Dataset excerpt:
※ ※ ※

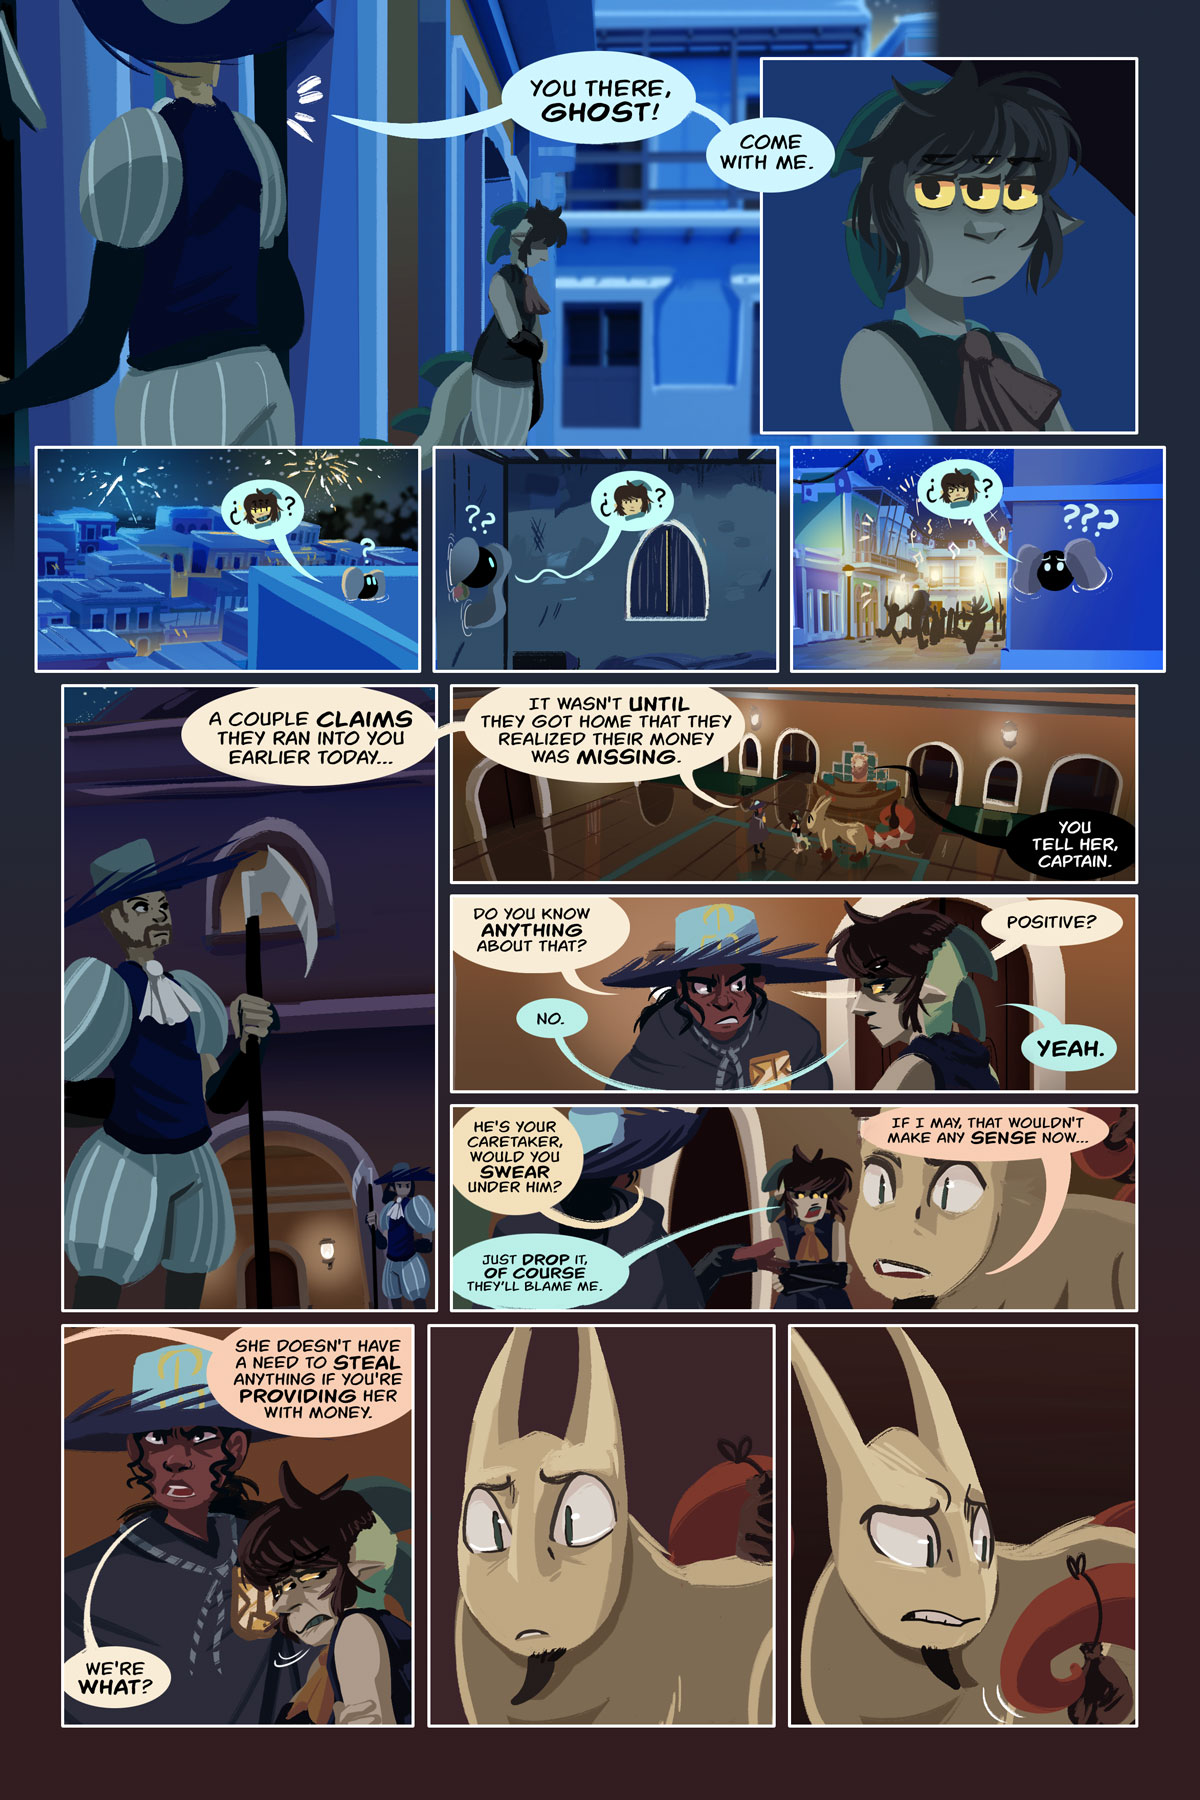 Chapter 8, page 35
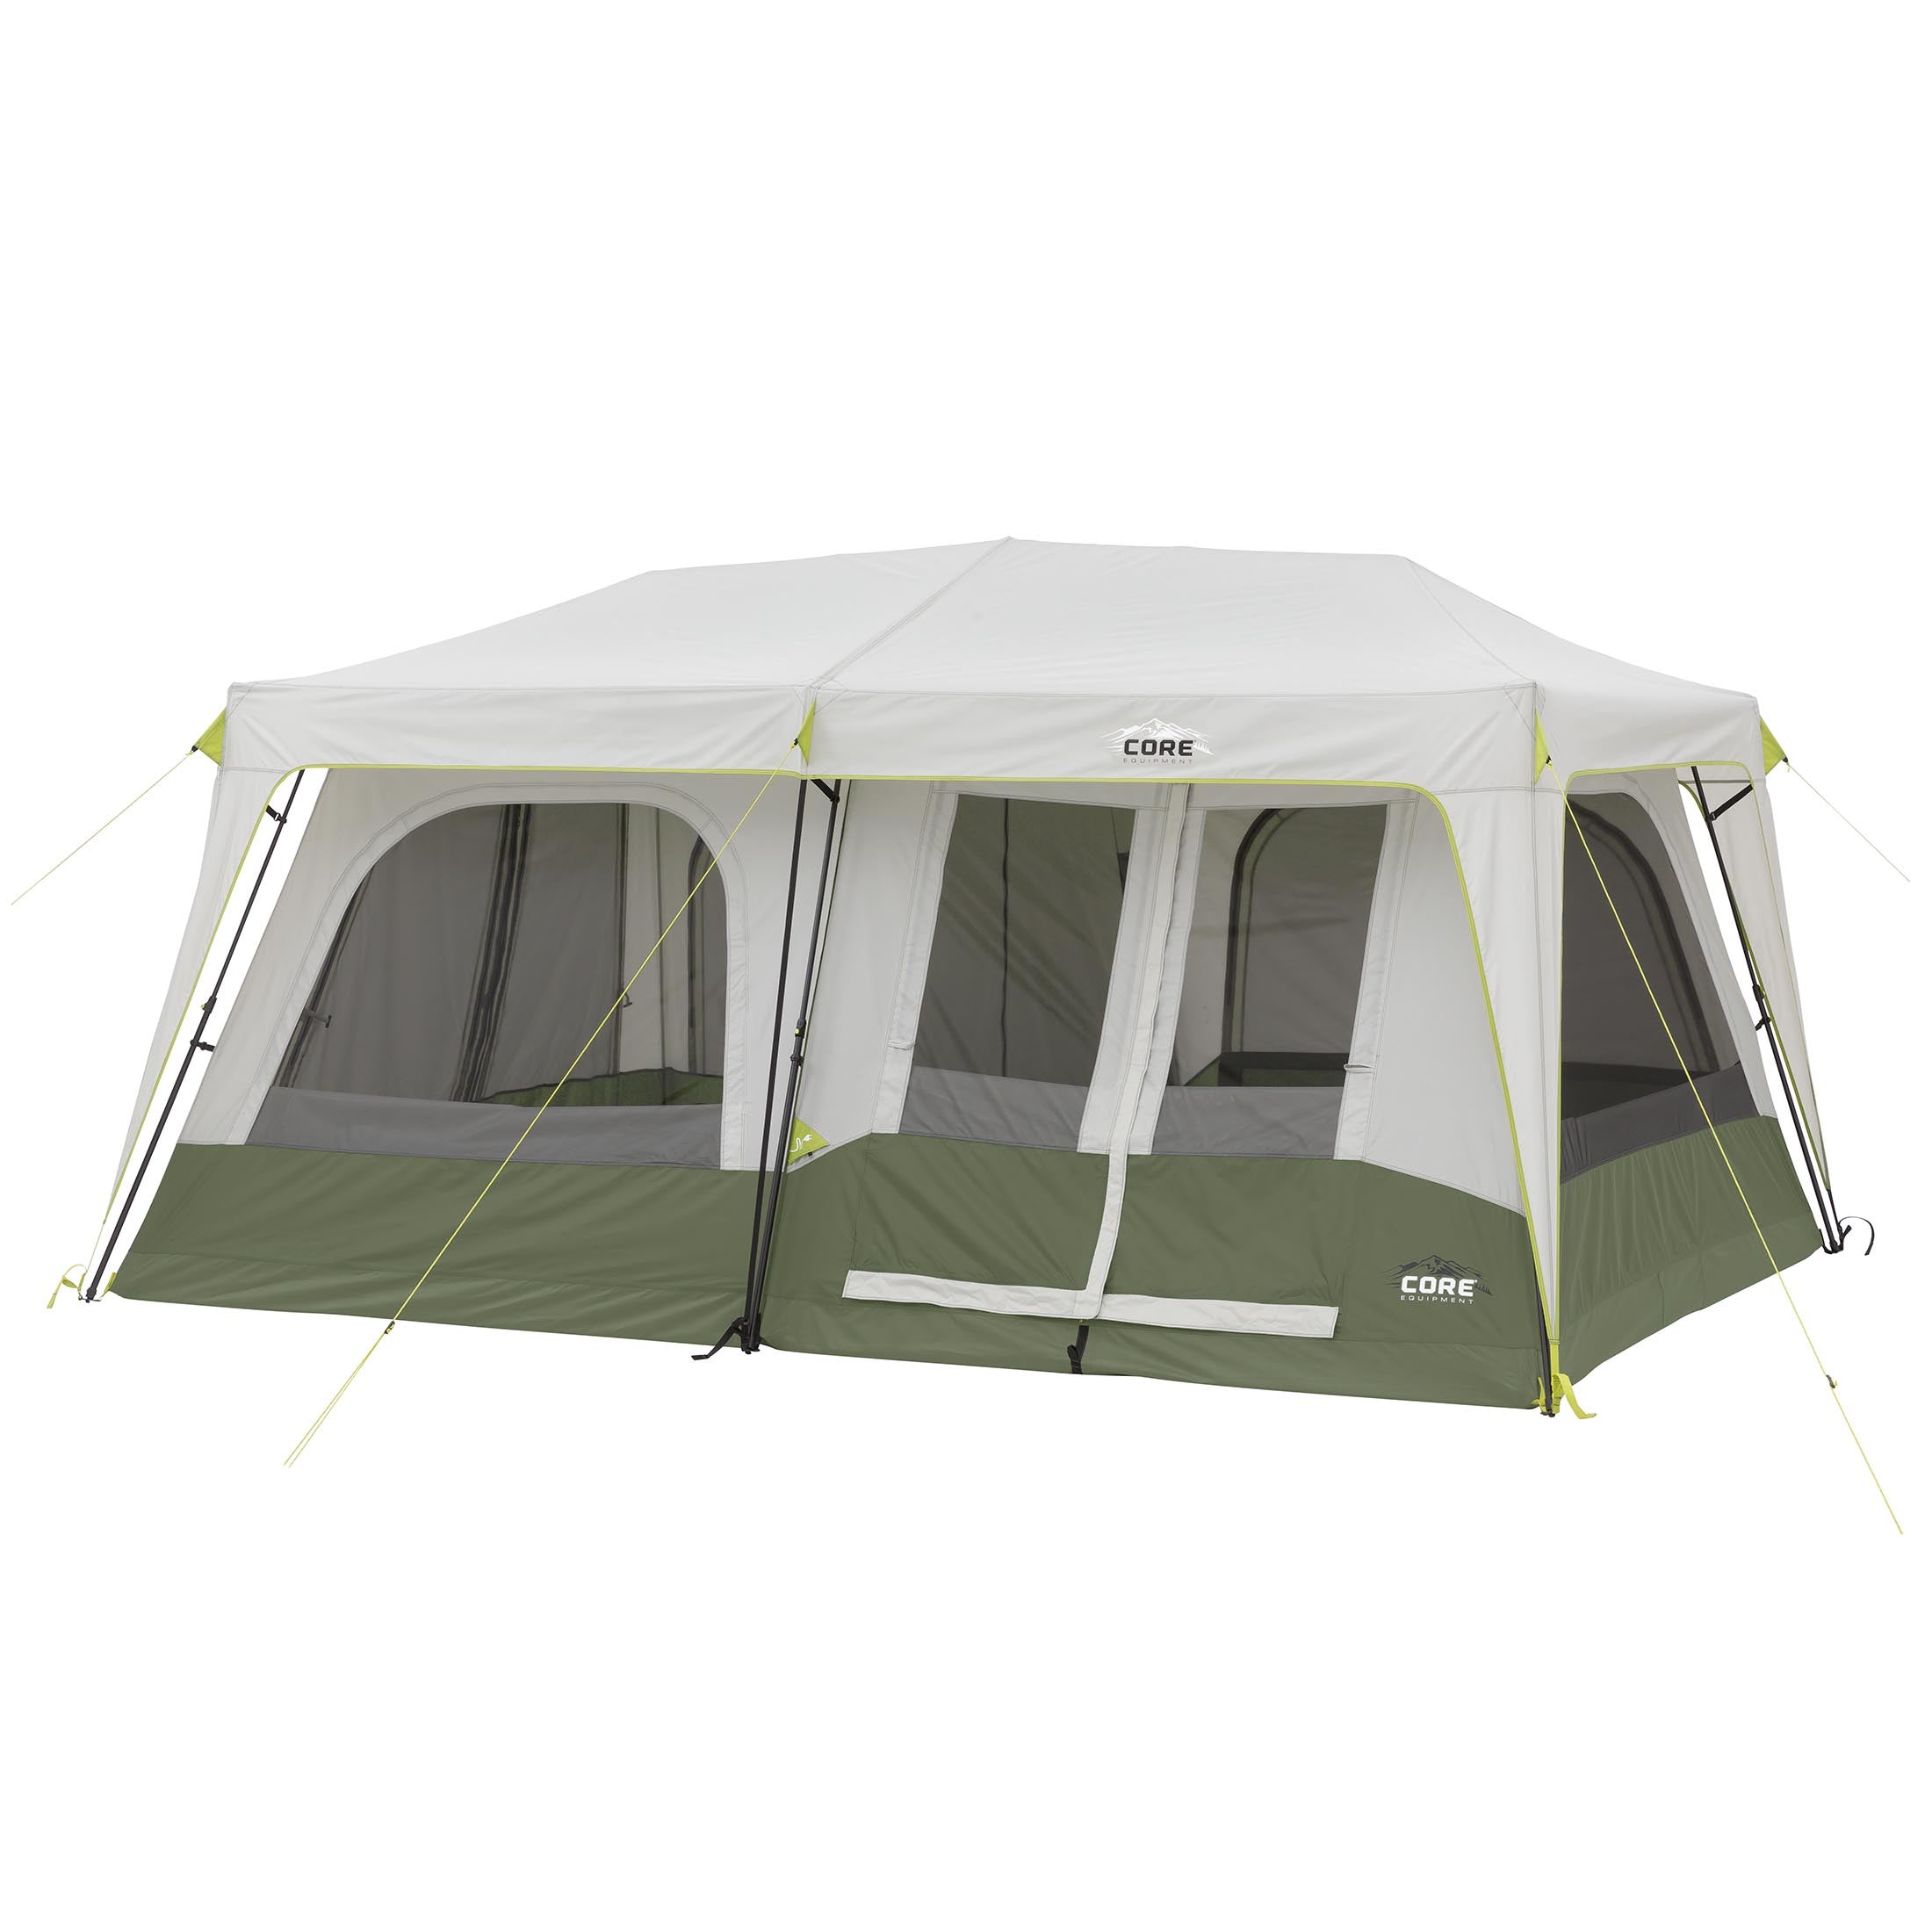 blow up tents for sale outdoor air camping extend Large Waterproof Family  inflatable house tent
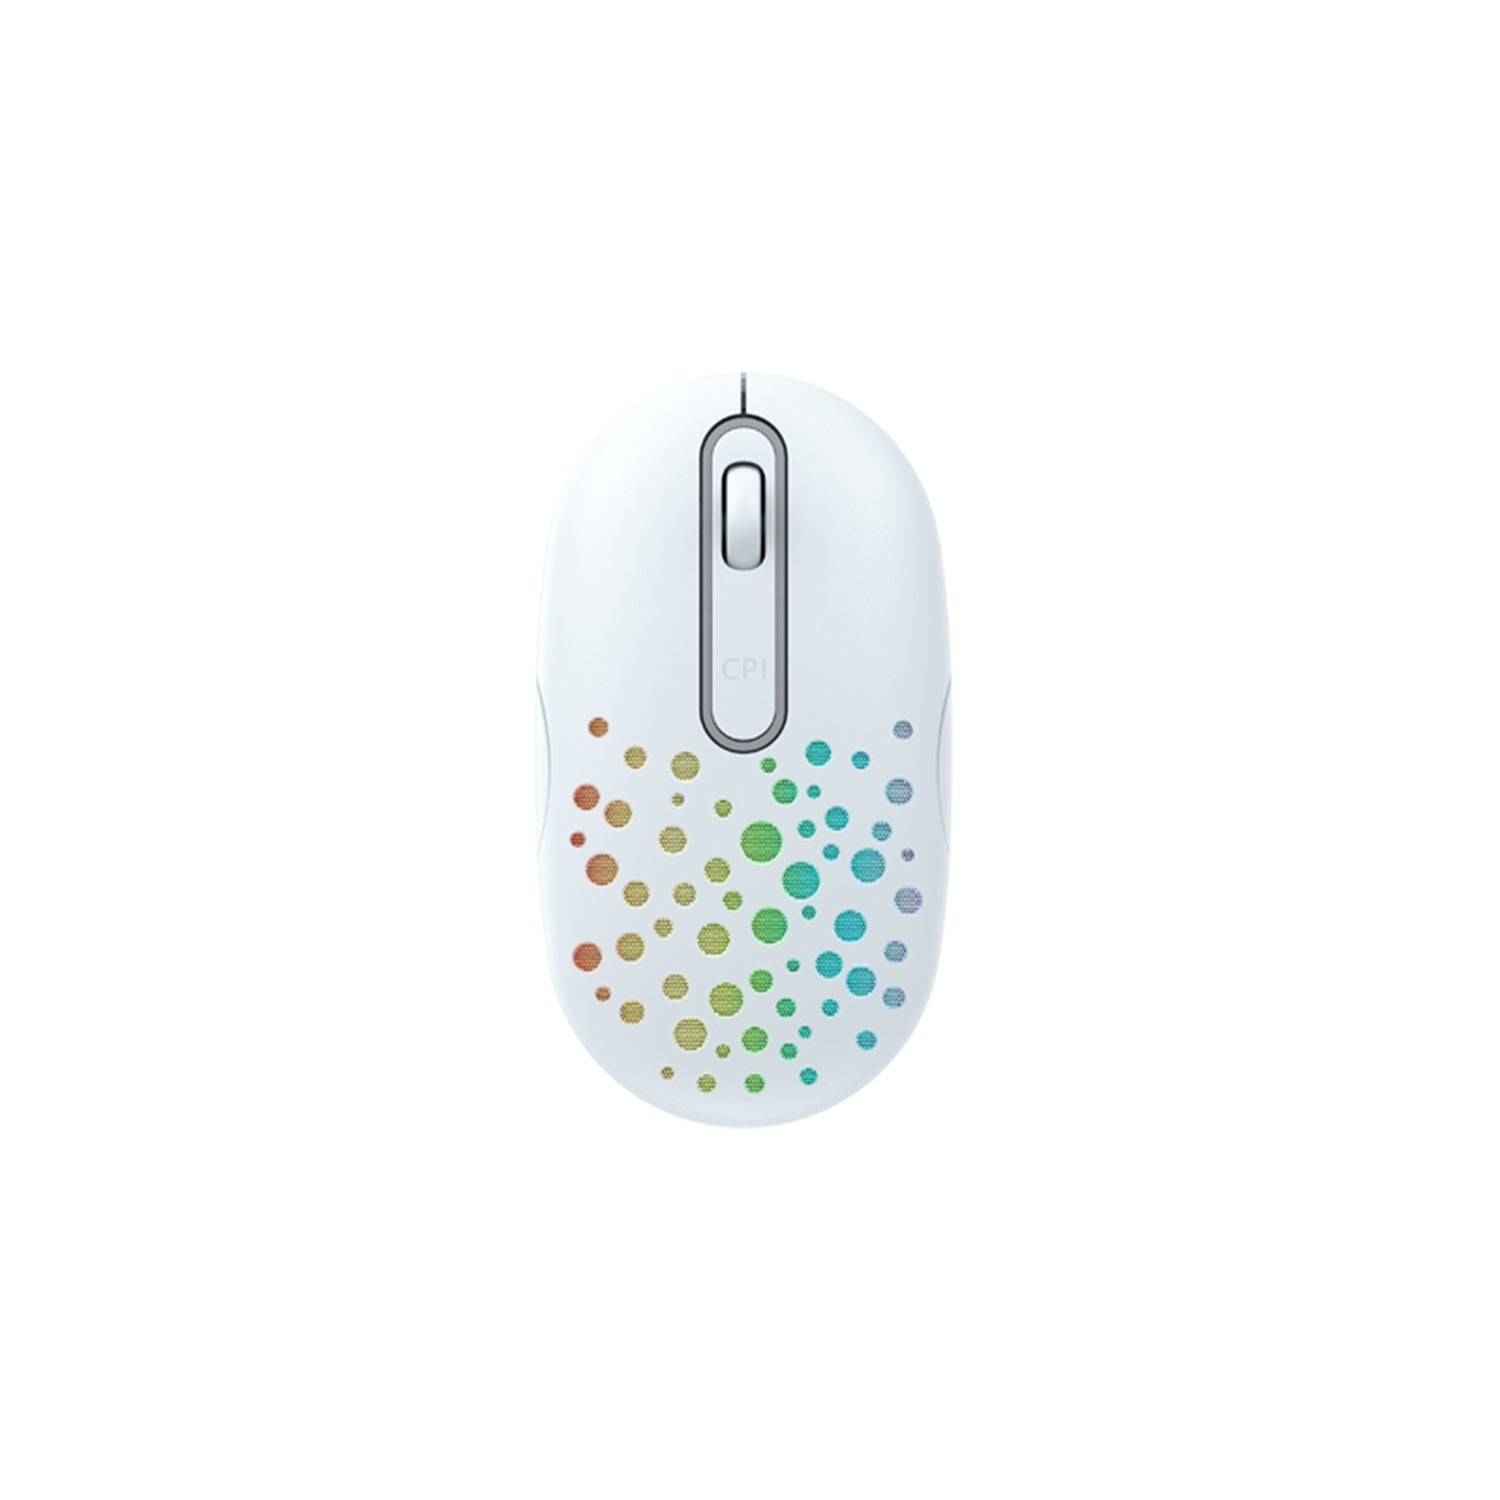 HAVIT MS64GT 2.4G Portable USB Wireless Mouse for Windows Mac PC Notebook

※ ※ ※

About this exercise:
What you give back must match the material above exactly, minus its pictures.

Exercise output:
 Chapter 8, page 35
 blow up tents for sale outdoor air camping extend Large Waterproof Family  inflatable house tent
 HAVIT MS64GT 2.4G Portable USB Wireless Mouse for Windows Mac PC Notebook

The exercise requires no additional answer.